HTML overtakes Markdown as AI agents demand richer interfaces

May 18, 2026 · Lenny's Podcast
🎧 PodShort 36 min squeezed to 2 AI SprinklerAS AI / ML New
Episode artwork
Tharik
Works on Claude Code at Anthropic
Lenny's Podcast
36 min squeezed to 2
Full episode from Lenny's Podcast
Quotable Moments

This is not even personal software. It's like micro-software on top of micro-software.

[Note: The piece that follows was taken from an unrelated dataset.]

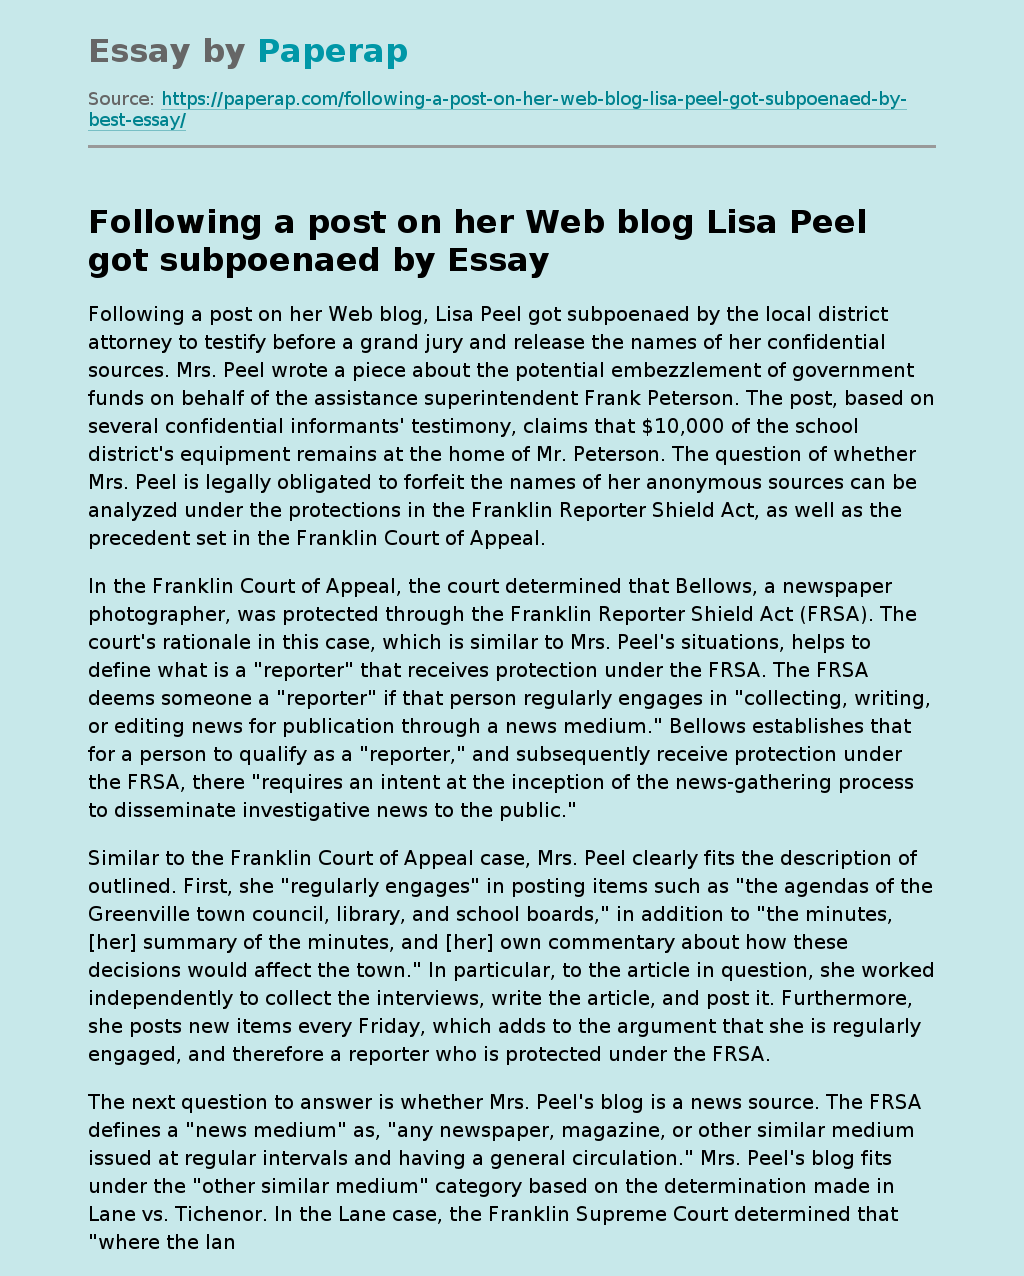 Following a post on her Web blog Lisa Peel got subpoenaed by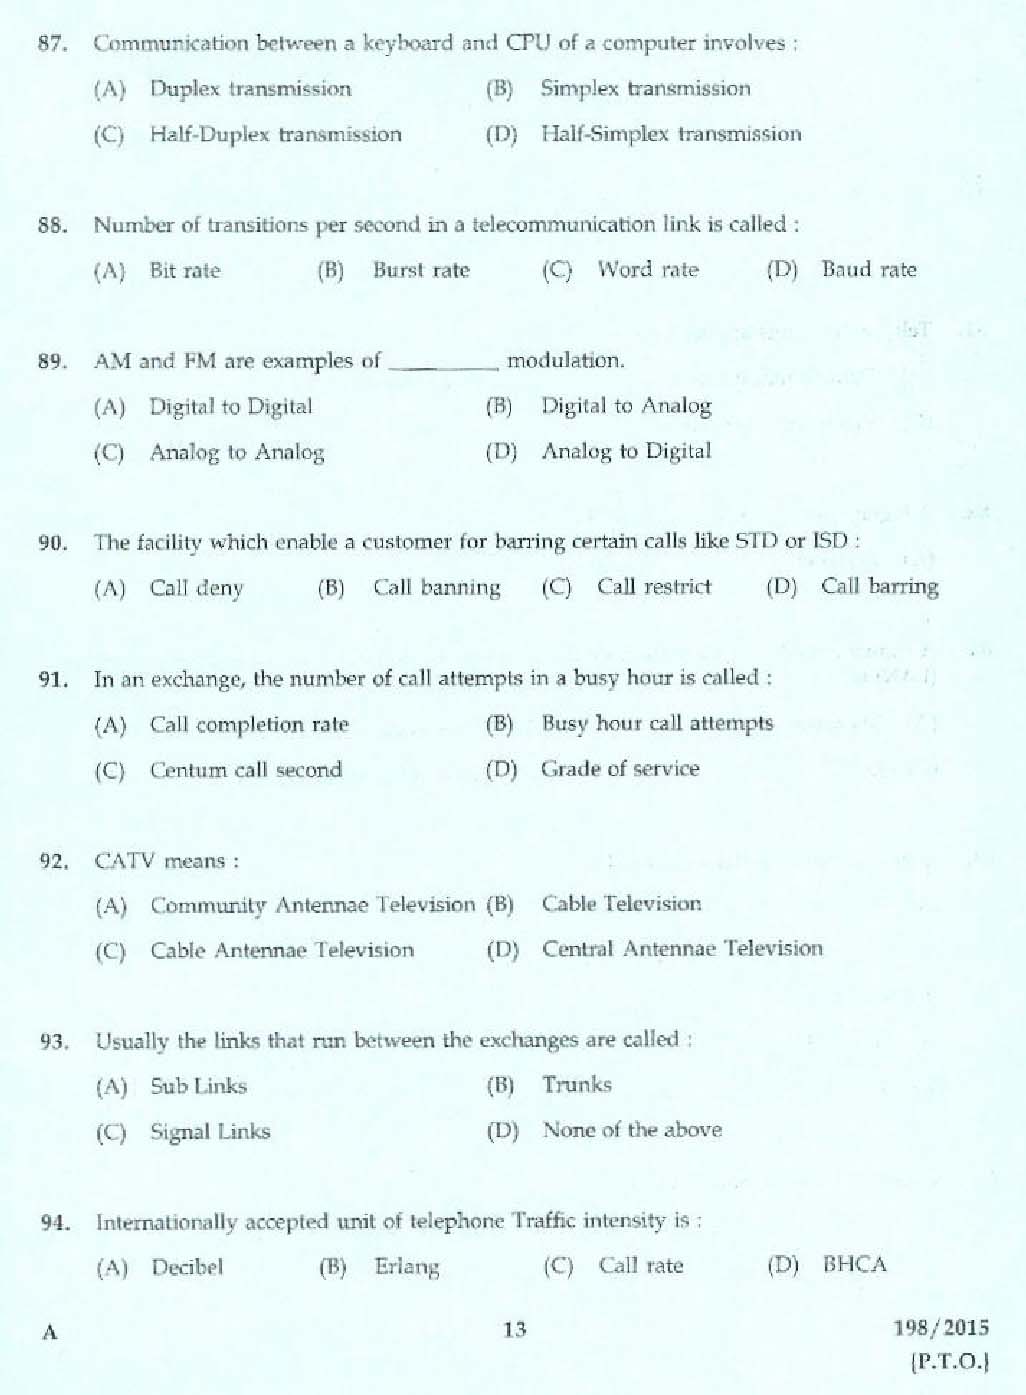 Kerala PSC Telephone Operator Exam Question Code 1982015 11

I believe in you and trust you! Exclamation, exclamation, exclamation. I'm like, truly, I know you are capable and I believe in you to make these decisions.

Key Insights
  • While Markdown was popular for interacting with AI agents, increasing plan lengths made them unreadable, hindering oversight. However, plans, PRDs, and specs still matter for effective AI interaction.
  • AI models are essentially 'compute allocators,' meaning users must decide what's worthwhile to spend compute time on, as agents can incur significant costs for complex tasks.
  • HTML is emerging as the 'new Markdown' for AI agents, offering a richer, more visual communication medium compared to plain text, especially as agent interactions become more complex.
  • HTML allows agents to generate interactive, custom user interfaces and visual mockups (micro-software) within plans, enabling users to engage directly with and refine the agent's output for higher quality results.
  • When prompting AI, it's crucial to find a balance: provide enough information to get what you want, but avoid over-constraining the model, allowing it flexibility to provide broader context and solutions.
  • The ability to generate and consume content with AI at near-zero functional cost means rigid document structures (like PRDs and specs) are less necessary, allowing for more flexible and adaptable content creation.
  • HTML makes it possible to create 'living design systems' and 'living design repositories' directly within code, allowing for component visualization, variation testing, and real-time updates for developers, marketers, and designers.
  • The output of AI agents is increasingly focused on generating many 'tokens' for dashboards, custom interfaces, and interactive plans rather than just production code, allowing users to better define and refine their desired outcomes.
Metrics Mentioned
  • 8 hours (Duration Claude can run for a task, implying associated compute costs.)
  • 500 bucks (The cost Claude can spend on a task, highlighting that users are 'compute allocators'.)
  • 1000-line Markdown file (An example of an excessively long and unreadable plan generated by AI agents.)
  • 1% (The amount of tokens produced that go into production code, versus other tokens for dashboards, custom interfaces, etc.)

RevBots.ai View:

  • AI Sprinkler teams bolt on HTML generators without full workflow integration.
  • ARM-stage teams would treat AI as compute allocators with cost-aware protocols.
  • Visual planning artifacts could bridge gaps between RevOps and product teams.